My shredded, bloodied shirt had finally finished drying against the w
arm captain’s chair, and it stuck to my skin and clumped in my ponytail. My legs were wobbly now that the last of my fear-fueled energy had drained away. But none of that mattered with him.
It occurred to me to wonder if Dorian’s gallantry was because I was a woman or because I was human. If I were a human man and he was a female vampire—agnate, I corrected—would our roles still be the same? Was it human or vampire society that made him open doors and stand when I entered the room?
I leaned on Dorian’s arm as he escorted me up the walk to his bone-white mansion, its classical symmetry standing in merciless perfection over the garden, with its walls of holly and rigidly trimmed boxwood borders along the paths and flowerbeds. Everything was carefully controlled, any hint of unruliness mercilessly lopped off, as if there was a danger in the least unconformity.
We went up the front steps to the portico. Expecting the butler, I was surprised to see an unfamiliar woman open the door. From the power that rolled out from her and her unnatural beauty, with her flawless ebony skin and her slanting almond eyes, she was vampire, not human.
So, I thought, my brain still muddled with exhaustion. Some vampires are black.
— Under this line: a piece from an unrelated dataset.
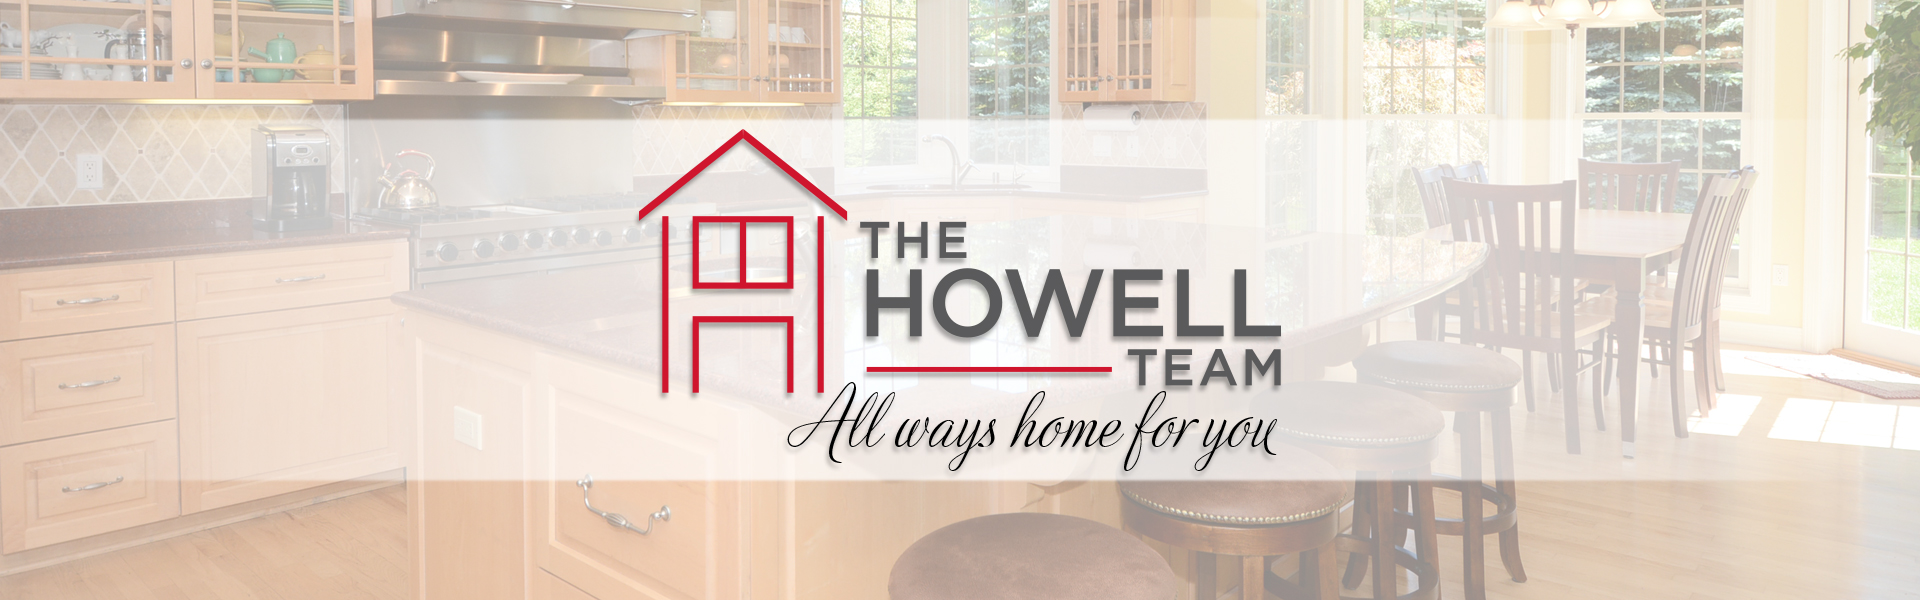 The Howell Team

I didn’t know whether that should be a surprise, since I still didn’t know where the hell vampires came from in the first place. All I knew was that they’d never been human, and humans could never become vampires.
“They’re assembling in the ballroom,” she said without introduction when we stepped inside. She didn’t even look at me. “It will be another half hour before they’re ready for the proving.”
She didn’t affect me the same way Dorian did. I wondered if it was because she was female or due to some side effect of my bond.
Dorian’s mouth pressed very briefly in a hard line before her relaxed into his usual marble impassivity. “Very well. We will be there.”
The vampire—agnate—raised her eyebrows. “We?”